■ INFORMATION PROVIDED:

=== Section Start ===

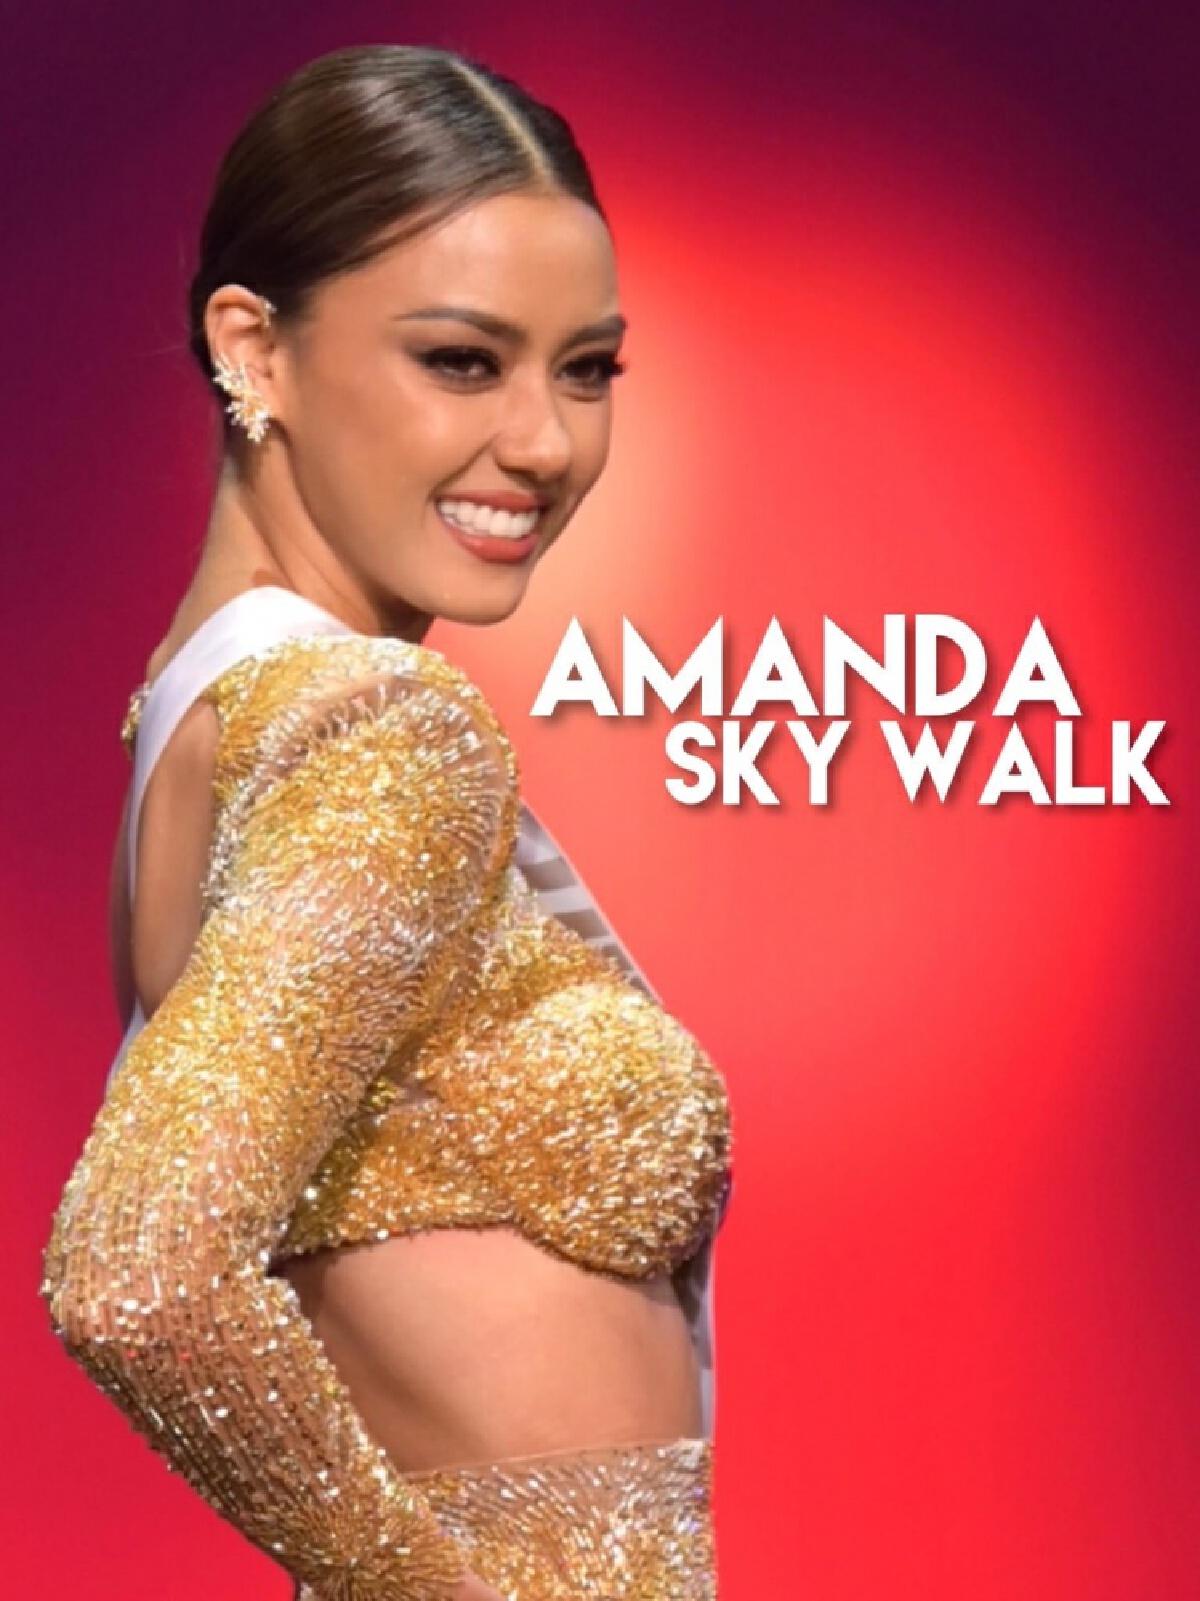 """เปิดเบื้องหลังของท่า """"Amanda Sky Walk""""  จากปากโค้ช """"ลูกเกด เมทินี"""
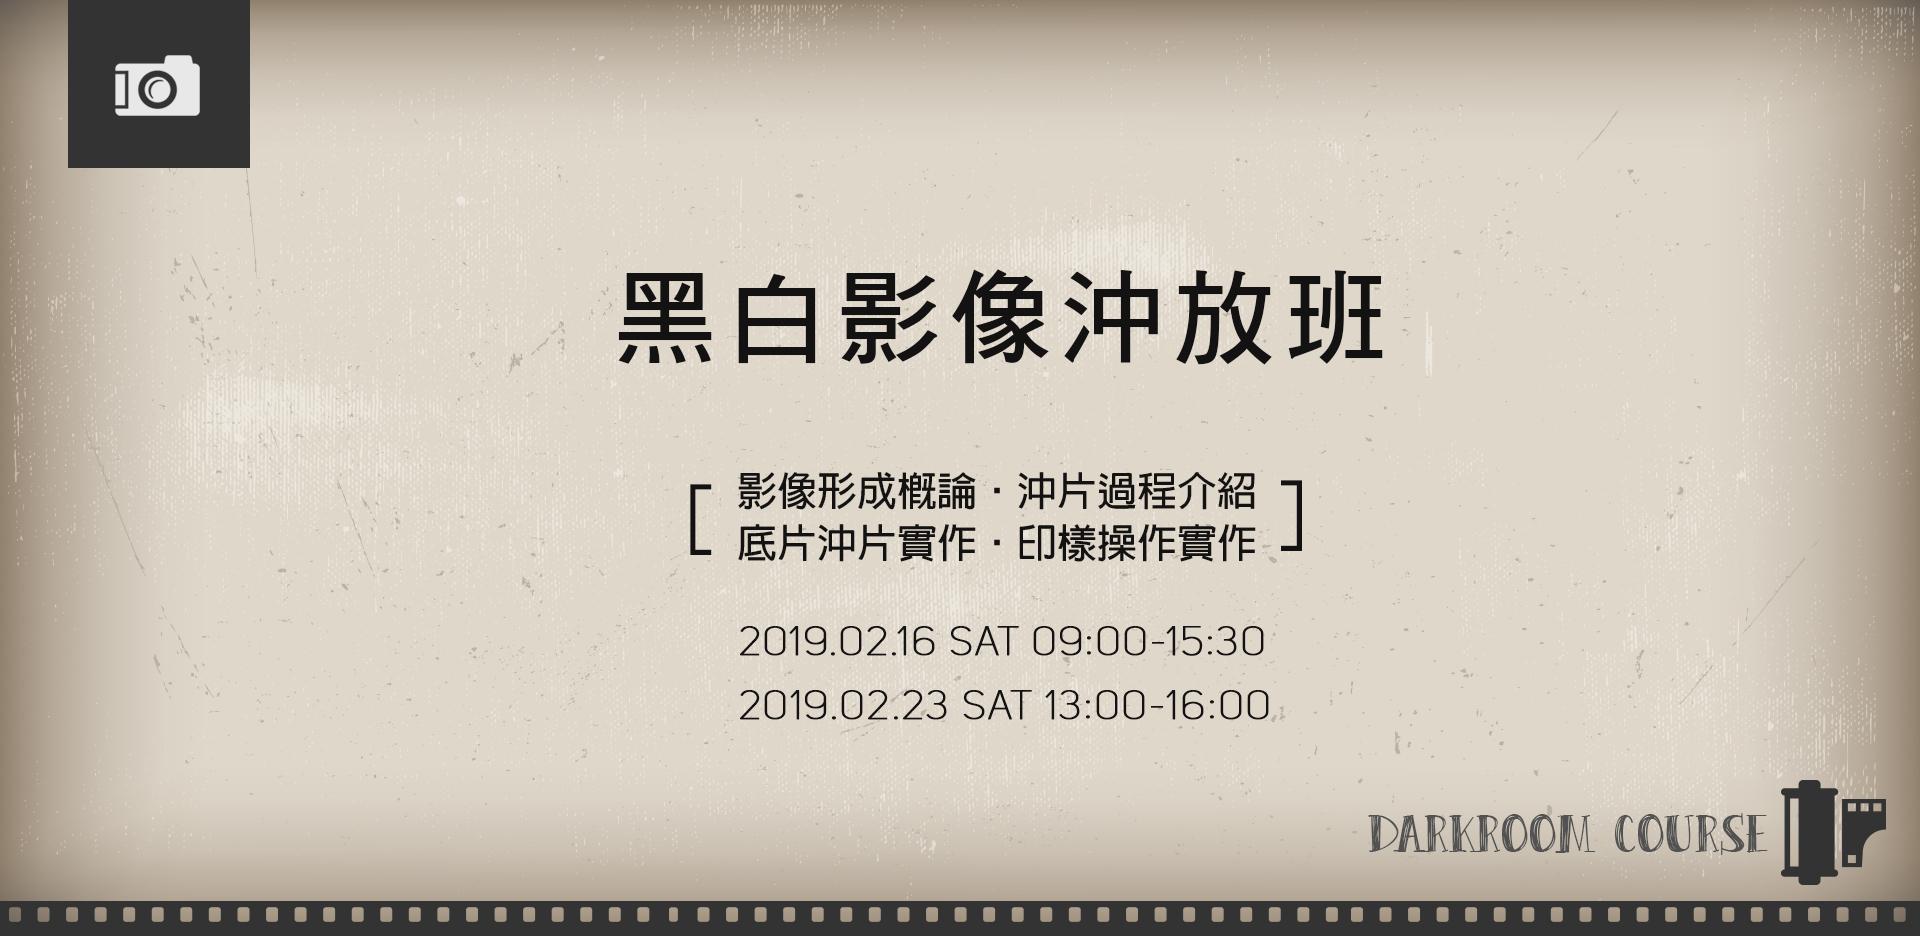 宣傳banner.jpg
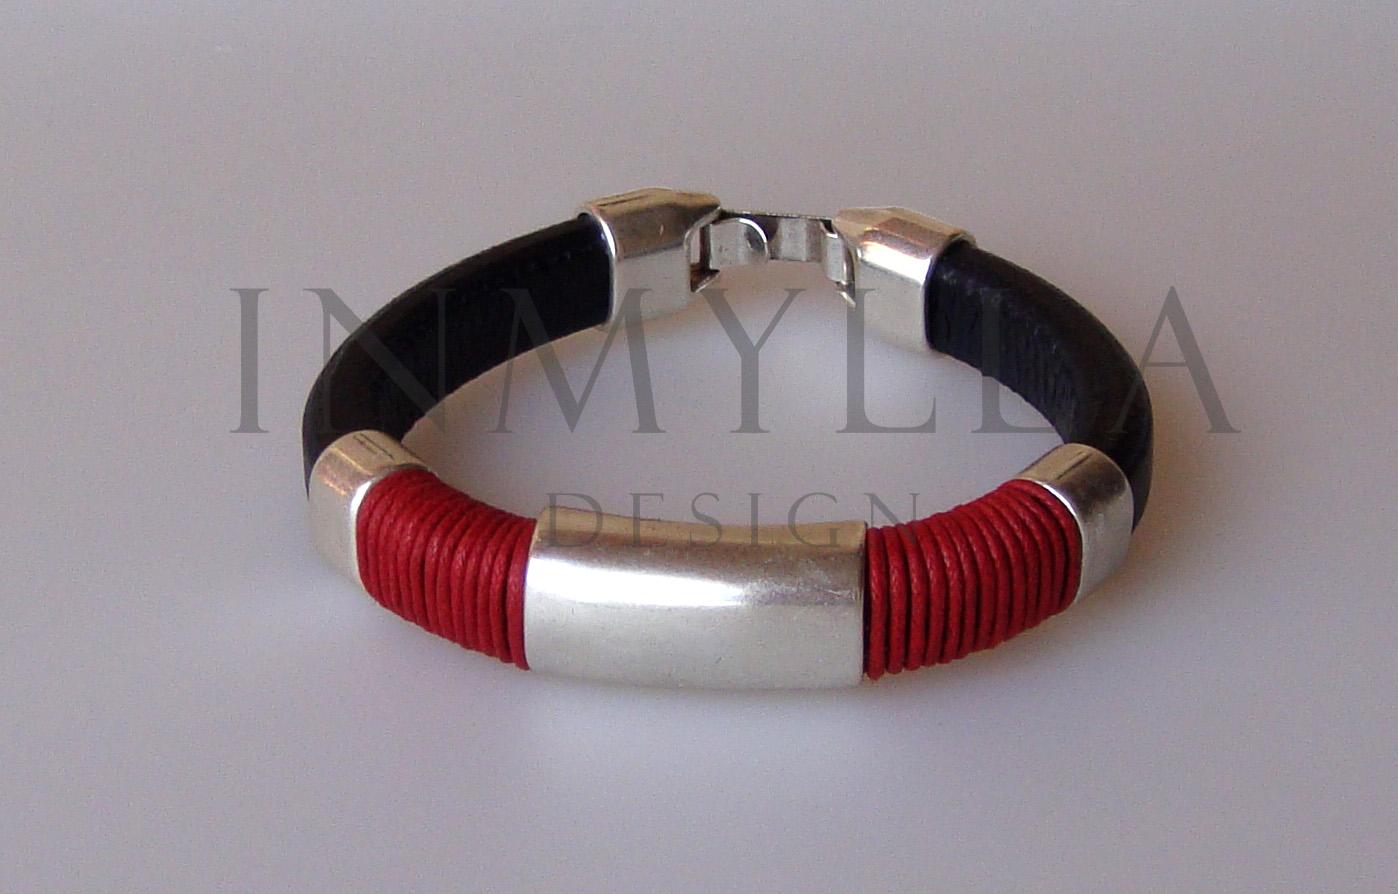 Inmylla design pulsera tubo de hombre for Tubo corrugado rojo precio
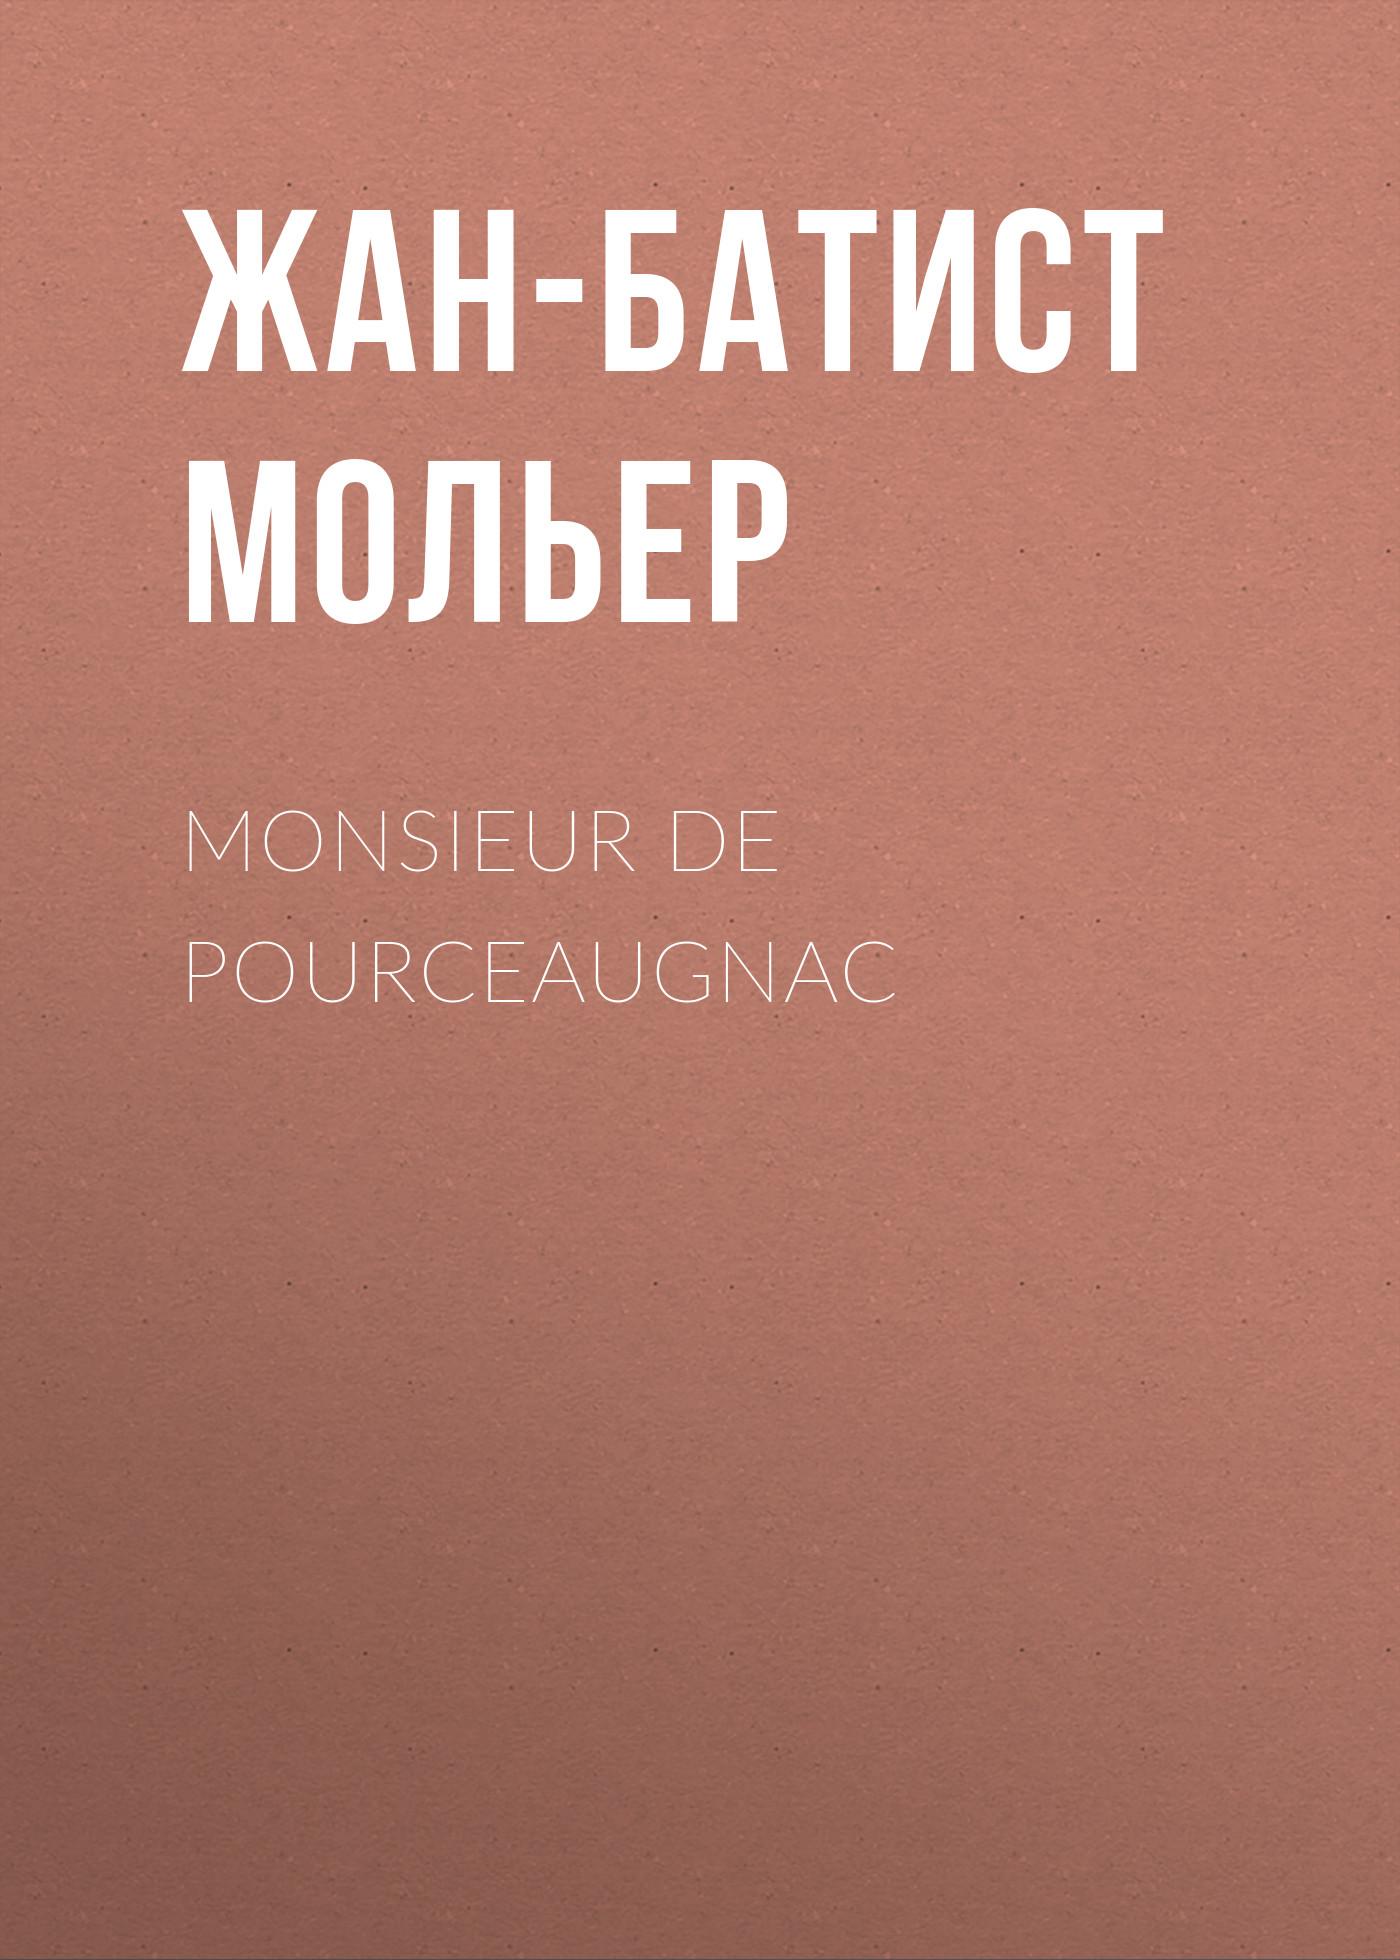 Жан-Батист Мольер Monsieur De Pourceaugnac жан батист мольер monsieur de pourceaugnac

=== Section End ===

■ EXERCISE DETAILS: Each line of the data is to be duplicated exactly; pictures stay out of the copy.

■ REPLY TO THE EXERCISE:
 """เปิดเบื้องหลังของท่า """"Amanda Sky Walk""""  จากปากโค้ช """"ลูกเกด เมทินี"""
 宣傳banner.jpg
 Inmylla design pulsera tubo de hombre for Tubo corrugado rojo precio
 Жан-Батист Мольер Monsieur De Pourceaugnac жан батист мольер monsieur de pourceaugnac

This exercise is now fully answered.